Quanta sues AMD over 'defective chips'

Chipmaker AMD is being sued by Quanta, the largest contract manufacturer of laptops worldwide, after the company alleges AMD sold defective chips.
Written by Zack Whittaker, Contributor

Taiwan-based Quanta Computer, the world's largest contract manufacturer of laptops, is suing chip giant AMD for breach of contract, saying the chipmaker sold defective products.

Bloomberg reports that Quanta filed suit against AMD in San Jose, California, claiming that the sold chips did not meet industry-standard heat tolerance processes.

Quanta builds laptops for Acer, Dell, HP and others, including NEC. The company builds the systems that are then rebranded and essentially made to look like another manufacturer's brand. The chips in this case were used in notebooks Quanta build for NEC, but allegedly caused the computers to fail.

AMD is the second-largest chipmaker in the world behind Intel; a $6 billion in annual revenue versus over $50 billion in annual revenue respectively.
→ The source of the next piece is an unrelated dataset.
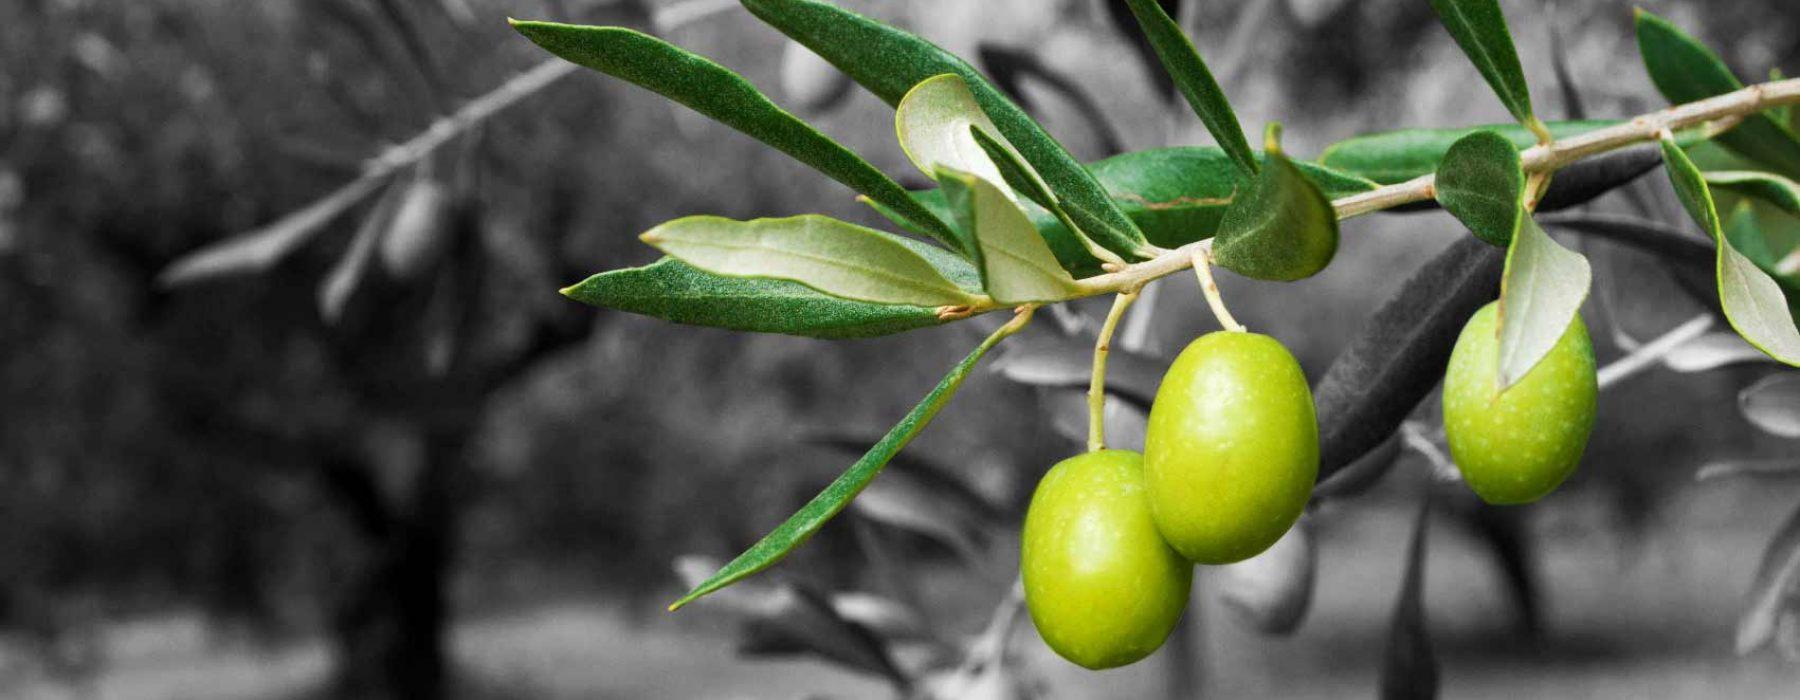 الذهب الأخضر لل Agro Pontino

The suit centers around the ATI RS600ME, an integrated graphics chip, according to sister site CNET. ATI was acquired by AMD in 2006.

The suit also claims breach of warranty and civil fraud.

"Quanta has suffered significant injury to prospective revenue and profits", the company said in the complaint, according to Bloomberg.

But AMD "disputes the allegations" and believes they are "without merit", the company said in a statement.

"AMD is aware of no other customer reports of the alleged issues with the AMD chip that Quanta used, which AMD no longer sells. In fact, Quanta has itself acknowledged to AMD that it used the identical chip in large volumes in a different computer platform that it manufactured for NEC without such issues".

Quanta seeks both damages and a jury trial in its filing.